Data excerpts:

>>>

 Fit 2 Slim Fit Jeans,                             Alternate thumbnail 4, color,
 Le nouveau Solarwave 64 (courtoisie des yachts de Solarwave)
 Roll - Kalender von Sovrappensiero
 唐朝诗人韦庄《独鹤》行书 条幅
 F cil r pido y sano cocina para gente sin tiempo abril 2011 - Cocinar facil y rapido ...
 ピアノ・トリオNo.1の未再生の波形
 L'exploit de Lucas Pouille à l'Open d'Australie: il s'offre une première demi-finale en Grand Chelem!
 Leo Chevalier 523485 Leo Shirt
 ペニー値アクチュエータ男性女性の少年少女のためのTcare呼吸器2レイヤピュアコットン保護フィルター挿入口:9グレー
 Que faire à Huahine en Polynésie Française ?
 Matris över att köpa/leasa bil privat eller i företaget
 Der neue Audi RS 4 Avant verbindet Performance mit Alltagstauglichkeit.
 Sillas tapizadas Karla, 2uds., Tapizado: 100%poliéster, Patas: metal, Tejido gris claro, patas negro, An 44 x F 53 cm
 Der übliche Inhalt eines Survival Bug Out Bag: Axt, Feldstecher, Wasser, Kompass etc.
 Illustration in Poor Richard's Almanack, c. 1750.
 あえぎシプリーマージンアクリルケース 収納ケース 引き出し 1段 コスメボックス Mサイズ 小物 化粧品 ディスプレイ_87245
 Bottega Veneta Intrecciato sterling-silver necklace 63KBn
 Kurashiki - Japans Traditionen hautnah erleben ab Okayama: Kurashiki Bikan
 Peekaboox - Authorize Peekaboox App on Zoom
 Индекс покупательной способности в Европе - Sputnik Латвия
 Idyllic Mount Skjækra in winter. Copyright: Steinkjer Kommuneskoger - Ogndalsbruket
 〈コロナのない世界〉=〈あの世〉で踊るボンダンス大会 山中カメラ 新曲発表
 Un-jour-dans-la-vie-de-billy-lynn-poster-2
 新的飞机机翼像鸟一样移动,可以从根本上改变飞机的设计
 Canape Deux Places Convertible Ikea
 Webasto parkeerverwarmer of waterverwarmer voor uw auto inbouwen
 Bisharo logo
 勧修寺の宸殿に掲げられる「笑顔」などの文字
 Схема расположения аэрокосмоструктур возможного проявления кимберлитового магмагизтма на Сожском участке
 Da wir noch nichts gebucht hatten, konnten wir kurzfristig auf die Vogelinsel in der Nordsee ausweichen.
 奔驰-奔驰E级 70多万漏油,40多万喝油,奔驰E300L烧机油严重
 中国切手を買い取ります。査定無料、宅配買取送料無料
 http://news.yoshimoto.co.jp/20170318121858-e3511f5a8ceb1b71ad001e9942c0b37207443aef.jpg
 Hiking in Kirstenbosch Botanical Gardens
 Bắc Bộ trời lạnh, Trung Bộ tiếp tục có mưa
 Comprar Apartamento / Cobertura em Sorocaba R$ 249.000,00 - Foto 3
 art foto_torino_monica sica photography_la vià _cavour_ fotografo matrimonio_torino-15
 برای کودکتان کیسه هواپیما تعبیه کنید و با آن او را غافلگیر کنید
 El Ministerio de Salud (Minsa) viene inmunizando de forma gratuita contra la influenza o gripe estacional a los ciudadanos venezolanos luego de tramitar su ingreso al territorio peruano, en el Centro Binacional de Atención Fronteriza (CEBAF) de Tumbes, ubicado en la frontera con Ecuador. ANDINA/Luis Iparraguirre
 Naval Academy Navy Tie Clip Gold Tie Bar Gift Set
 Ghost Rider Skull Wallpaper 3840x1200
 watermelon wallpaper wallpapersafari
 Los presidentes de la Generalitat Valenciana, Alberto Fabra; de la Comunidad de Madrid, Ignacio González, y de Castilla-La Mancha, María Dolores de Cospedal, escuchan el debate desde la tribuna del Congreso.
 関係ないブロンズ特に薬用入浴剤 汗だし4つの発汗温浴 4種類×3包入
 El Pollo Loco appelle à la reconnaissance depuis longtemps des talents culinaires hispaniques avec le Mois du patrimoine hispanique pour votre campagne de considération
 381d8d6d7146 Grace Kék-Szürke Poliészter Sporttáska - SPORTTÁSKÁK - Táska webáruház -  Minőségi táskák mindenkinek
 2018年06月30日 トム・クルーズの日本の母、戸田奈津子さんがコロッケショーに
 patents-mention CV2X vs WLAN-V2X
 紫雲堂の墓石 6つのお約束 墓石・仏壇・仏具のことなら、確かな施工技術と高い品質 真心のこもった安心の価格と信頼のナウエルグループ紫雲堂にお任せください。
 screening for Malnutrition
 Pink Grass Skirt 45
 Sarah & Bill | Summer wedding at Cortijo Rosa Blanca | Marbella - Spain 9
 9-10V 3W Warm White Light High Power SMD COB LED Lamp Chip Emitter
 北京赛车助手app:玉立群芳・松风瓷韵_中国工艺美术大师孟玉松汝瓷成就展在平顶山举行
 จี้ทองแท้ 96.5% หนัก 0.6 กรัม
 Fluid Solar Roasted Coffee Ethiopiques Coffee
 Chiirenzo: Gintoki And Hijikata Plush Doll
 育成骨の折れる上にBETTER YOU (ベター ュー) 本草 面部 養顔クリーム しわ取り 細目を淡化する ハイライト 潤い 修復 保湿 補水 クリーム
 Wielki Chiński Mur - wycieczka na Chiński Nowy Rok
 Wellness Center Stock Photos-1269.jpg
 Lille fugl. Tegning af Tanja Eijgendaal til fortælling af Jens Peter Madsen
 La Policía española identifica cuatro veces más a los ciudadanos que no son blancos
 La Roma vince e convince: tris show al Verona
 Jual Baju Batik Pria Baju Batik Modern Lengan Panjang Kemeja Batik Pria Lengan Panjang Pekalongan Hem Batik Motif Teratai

<<<

Instructions for the task:
Write out again, exactly, the lines from the start of the entries up to and including the one with "L'exploit de Lucas". Nothing else belongs in the reply.

Result:
 Fit 2 Slim Fit Jeans,                             Alternate thumbnail 4, color,
 Le nouveau Solarwave 64 (courtoisie des yachts de Solarwave)
 Roll - Kalender von Sovrappensiero
 唐朝诗人韦庄《独鹤》行书 条幅
 F cil r pido y sano cocina para gente sin tiempo abril 2011 - Cocinar facil y rapido ...
 ピアノ・トリオNo.1の未再生の波形
 L'exploit de Lucas Pouille à l'Open d'Australie: il s'offre une première demi-finale en Grand Chelem!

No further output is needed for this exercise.